Cultural Identity in Nation Branding: the Hungaricums

When it comes to one’s experience about certain products, places or even more so, people associated with one’s nation, the power of nation branding is quickly understood to be through the roof. The ever-growing movement of nation branding is now considered a necessity for all countries, making it inevitable to create a comprehensive, detailed action plan to mark the country on the newfound map of countries: countries with outstanding nation brands.

Though each country has an original brand on its own, in terms of what the country is known of in the eyes of the public, it shall not be mistaken with the professionally created and executed nation brand. Whether we might think of the legendary teas and the residents’ impressive ability to queue in Britain, Fois Gras and Dijon Mustard of France, the unmatched chocolate and punctuality of the Swiss, or cocoa, coffee and samba shows from Brazil, we can find ourselves identifying parts of the certain country’s brand.

In terms of recognition, the UNESCO World Heritage Sites are one, if not the most influential brands in these days. Creating the sites, applying for the membership, and most importantly, if approved, preserving and treasuring the sites for generations to come is no doubt a real peak in a nation’s history and pride.

In Hungary’s case, the question of the brand of the nation is a bit more complex: due to the whirlwinds of history, several, now independent nations had left their marks on the culture, architecture, agriculture and even on the language that is spoken today. That is why the question of national identity has risen to further lengths, resulting in a rather one-of-a-kind group of entities which are now called Hungaricums, the symbols of Hungary itself.

It would not be easy to answer the question what is common in the following: pálinka, peppers from Kalocsa, Hungarian acacia honey, the Hungarian Grey cattle, the chimney cake, Béres Drops, Zsolnay porcelain, Busójárás, Matyó folk art, The Benedictine Pannonhalma Archabbey, and the legacy of István Széchenyi. However, the common denominator of the above should not be neglected. If someone wants to be familiar with Hungary’s self-image, historical traditions and national heritage in the 21st century, one cannot go wrong if he or she starts his or her research at the concepts above, because these are a few of the Hungaricums, which are becoming well-known everywhere.

The Hungarian language and law marks the determining values of national identity as “Hungaricums”, which is a term that collects the unique and specific values of the Hungarian nation. These can be seen as the most important products of the thousand–year-old history of Hungary. There is a law in Hungary that specifies the list of Hungaricums. A key part of the definition is that these values should not only be acknowledged in Hungary, but abroad too.

The story of Hungaricums gained momentum at the millennium. A unique movement was born with the desire to collect and organize the most unique achievements of the Hungarian nation into a collection that is available for everyone. As a result of this movement the Hungarian Parliament approved unanimously the law concerning Hungarian national values and Hungaricums in 2012.

The intention of the lawmaker was to preserve the heritage of the thousand-year-old Hungarian culture, the material and intellectual products, and the man-made or natural values of the Hungarian nation for the coming generations.

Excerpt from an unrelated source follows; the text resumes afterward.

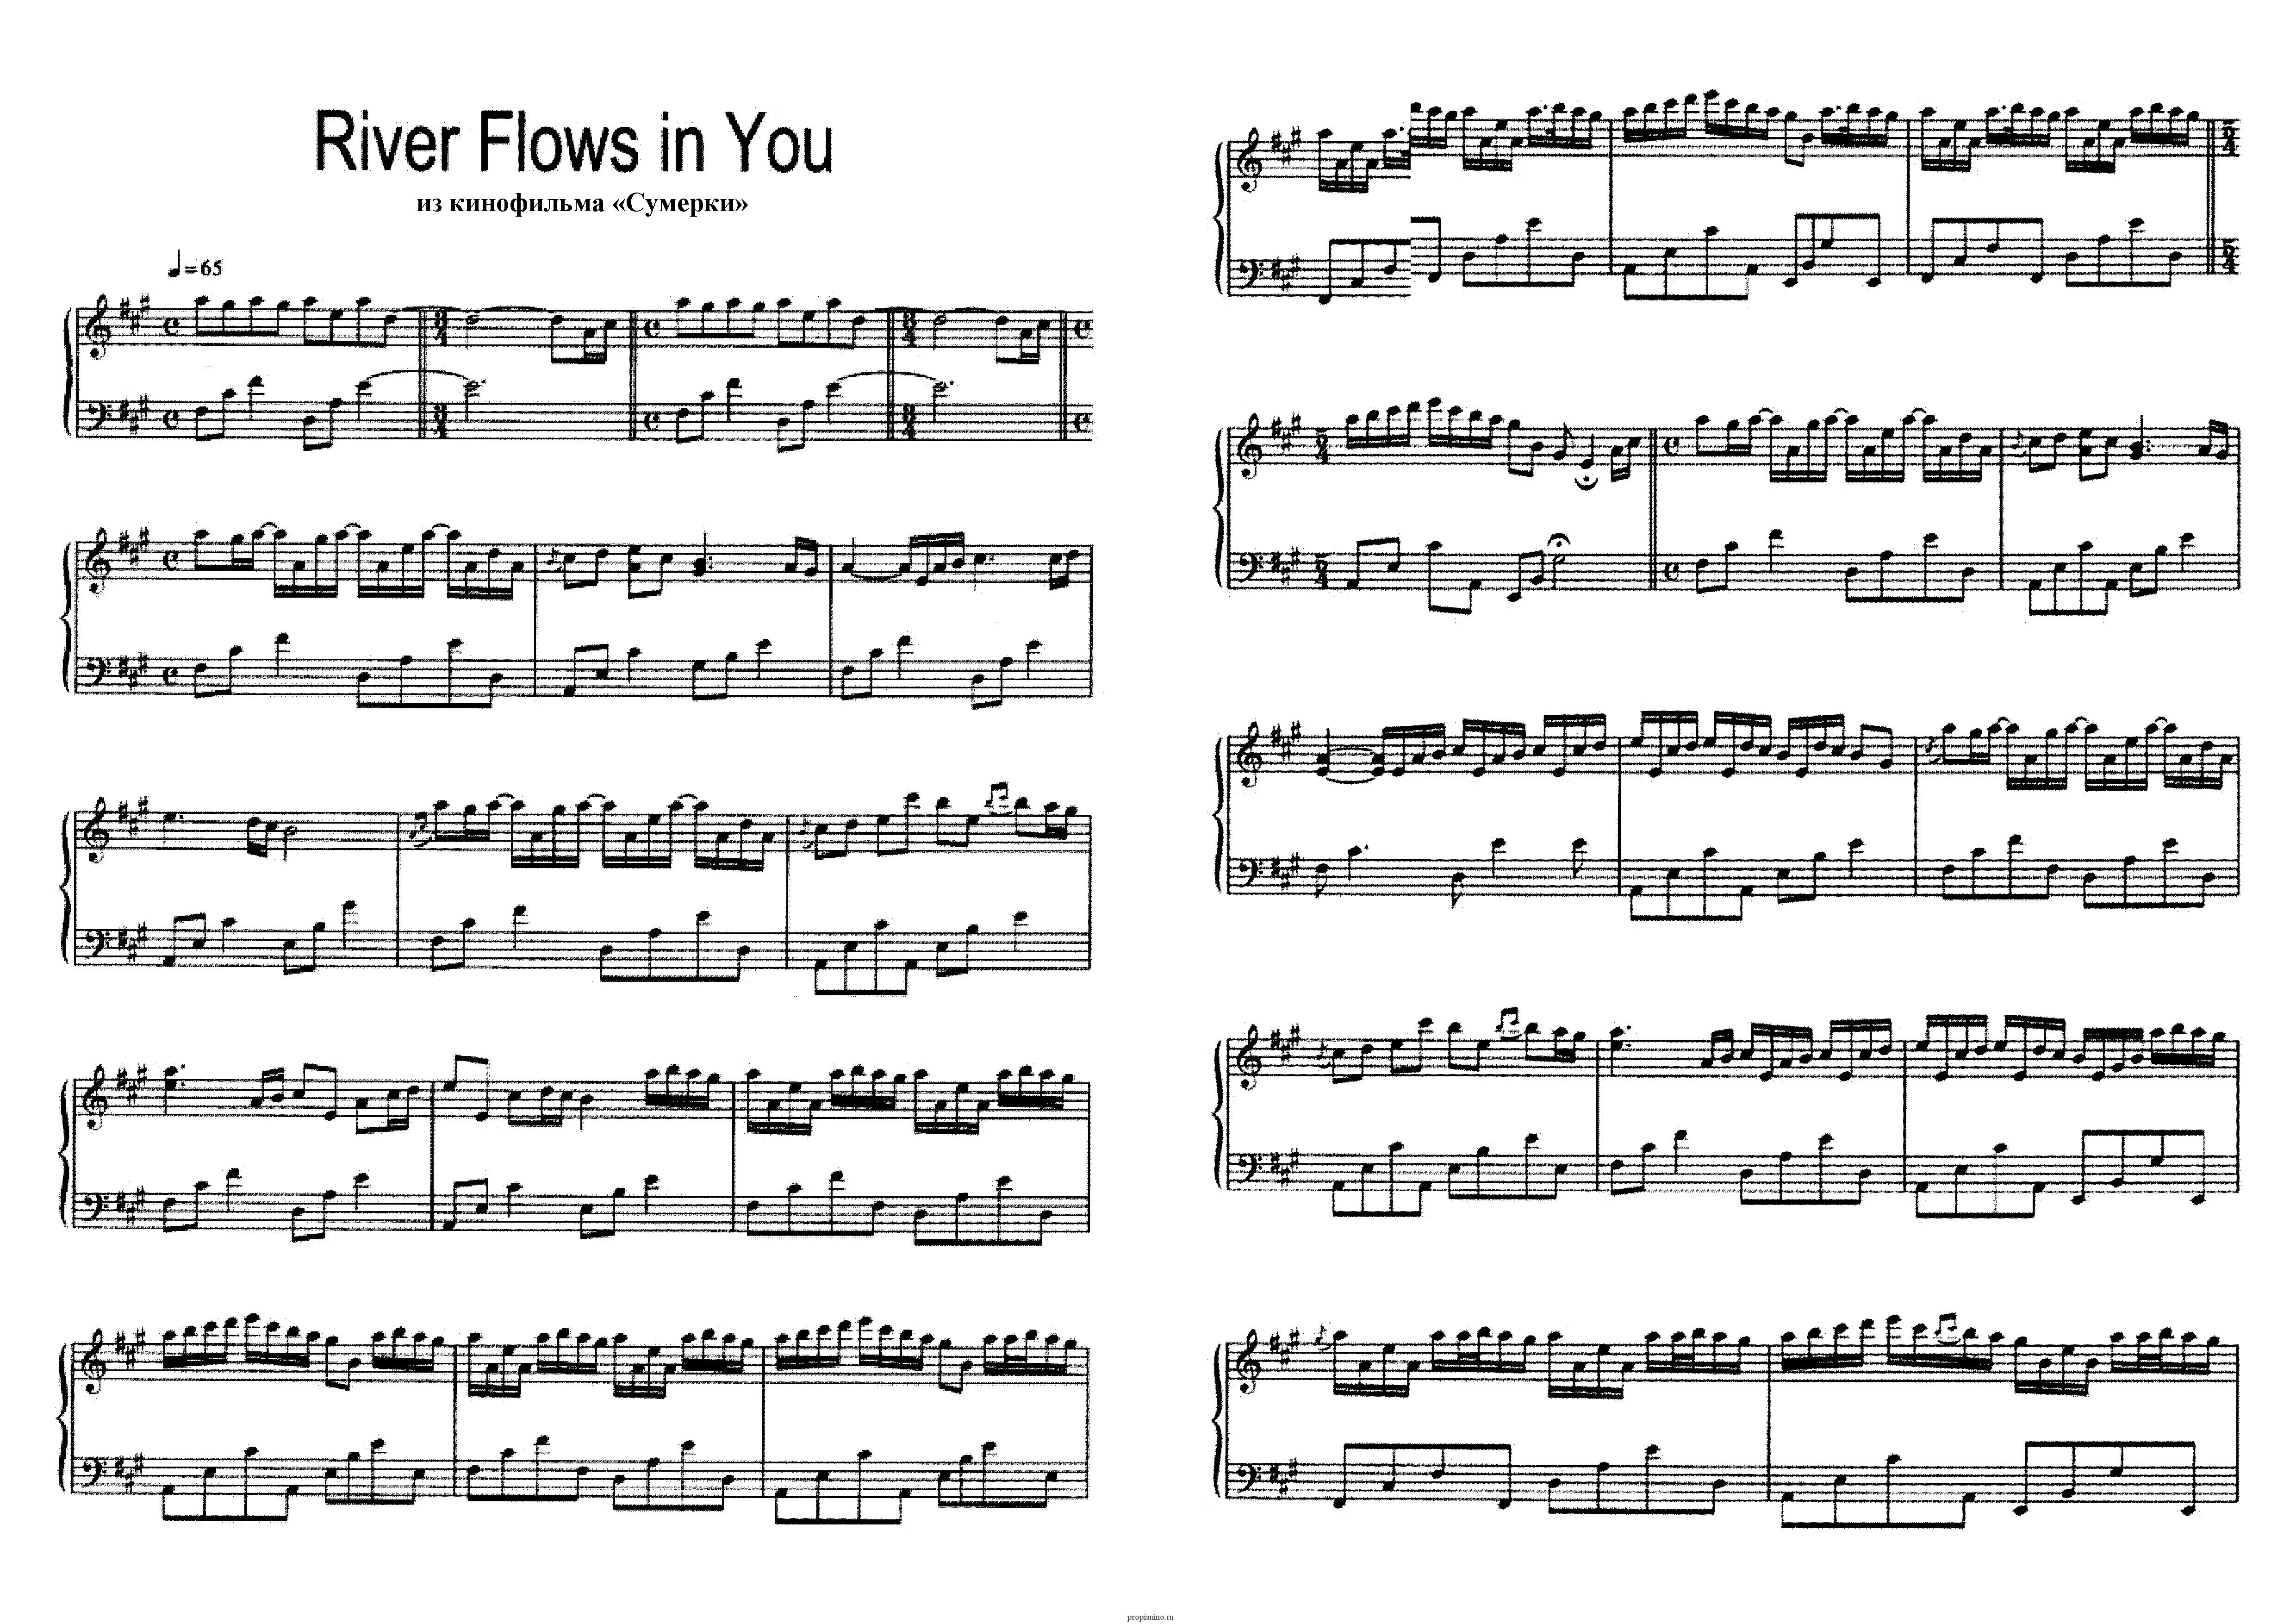 Ноты Для Игры На Пианино Генералы Песчаных Карьеров

Protection of these national values helps to preserve a sense of belonging in the nation and improves the image of Hungary abroad if the Hungaricums get widely known. Because of the above, the Hungaricums are symbolising the unity of the Hungarian nation and are the “ambassadors” of Hungary.

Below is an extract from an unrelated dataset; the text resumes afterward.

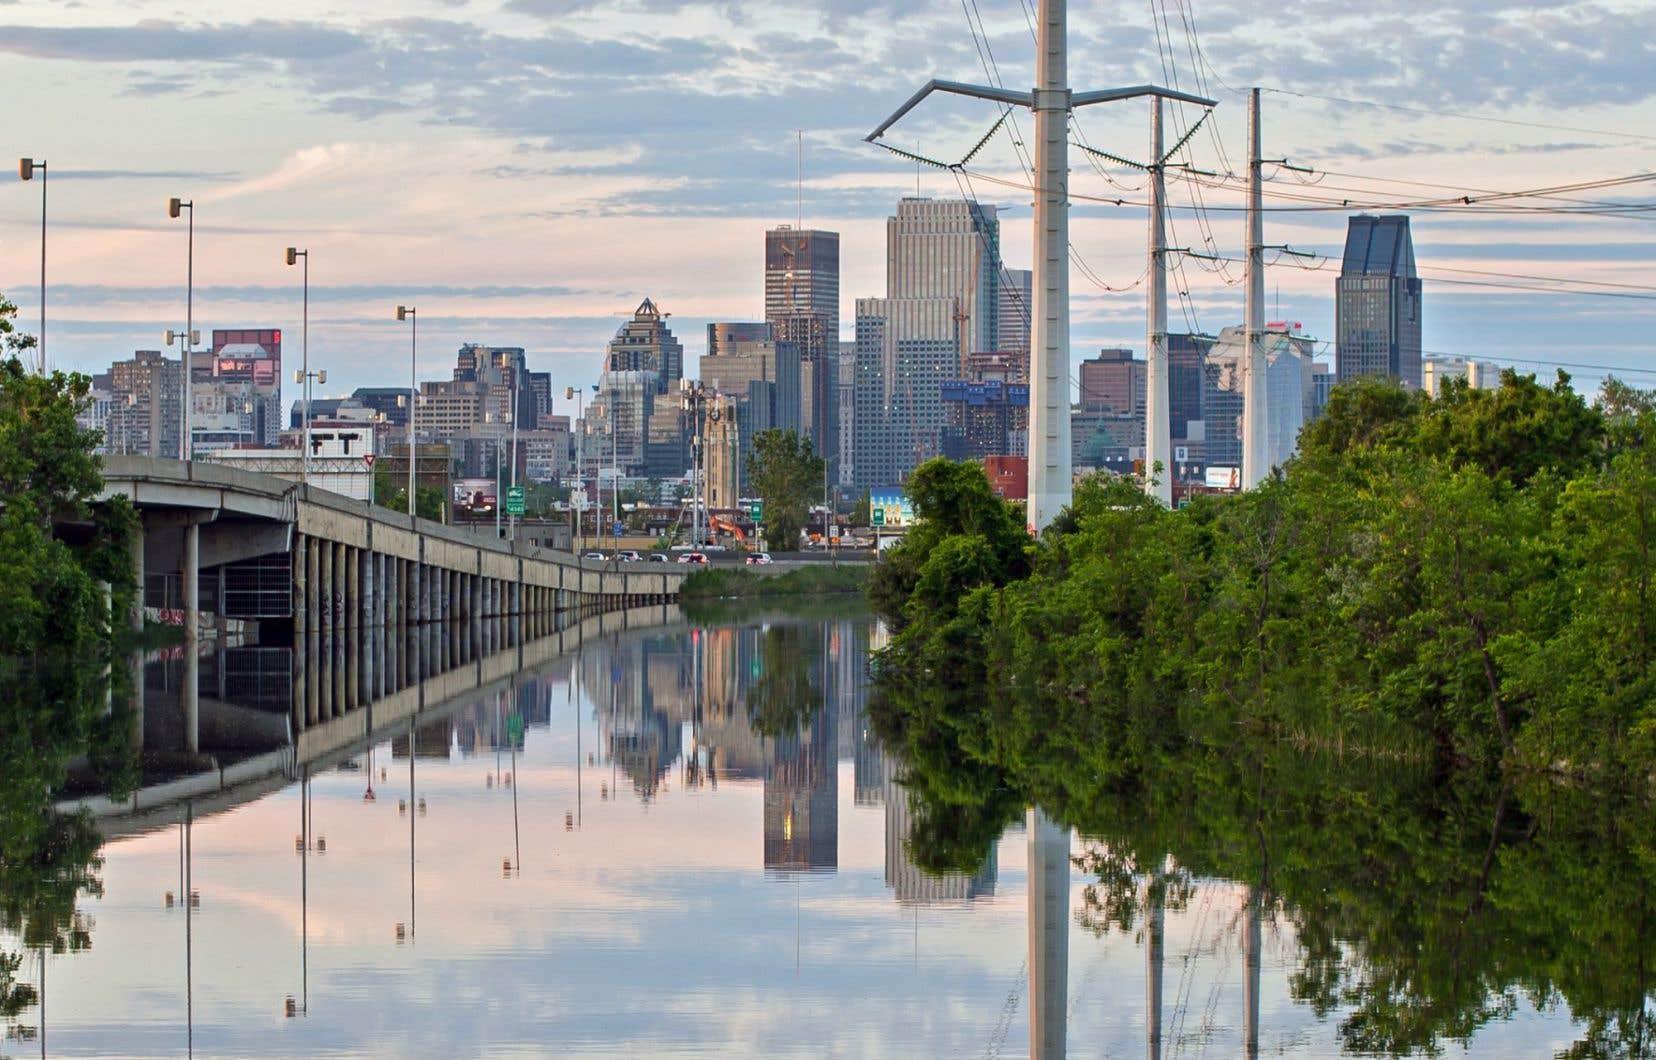 L'oléoduc Énergie Est doit permettre de transporter 1,1 million de barils de pétrole par jour. Il doit traverser 600 cours d'eau. La consommation journalière moyenne sur l'île de Montréal est de 2 millions de mètres cubes d'eau.

The collecting of Hungaricums is a long and pyramid-like process. The search, identification and collection of values starts at local level with the help of local historians, museologists, ethnographers and teachers. A regional collection of values is selected from these local values for each county of Hungary and for the regions of Hungarians living in minorities in the neighbouring countries. (At the moment there are collections of local values in 800 cities and towns in Hungary and there are collections of regional values in 19 counties.) Those values that cannot be tied to a region are gathered in the collections of a corresponding sector. These collections are kept by the ministry responsible for the sector.

From these collections of values, the Committee of Hungaricums chooses the outstanding values of the Hungarian collection of values and later from these outstanding values chooses the even more special Hungaricums.

There is a fundamental difference between Hungaricums and the products with an origin protected by the European Union. The “protected origin” term mainly designates such agricultural and food products which were produced at a specified geographical territory by using certified methods.

The UNESCO world heritage is also a different term. These are mostly sites that carry cultural or natural values unique in the world. According to the Hungarian regulation world heritage sites can become Hungaricums automatically if the Committee of Hungaricums decides so.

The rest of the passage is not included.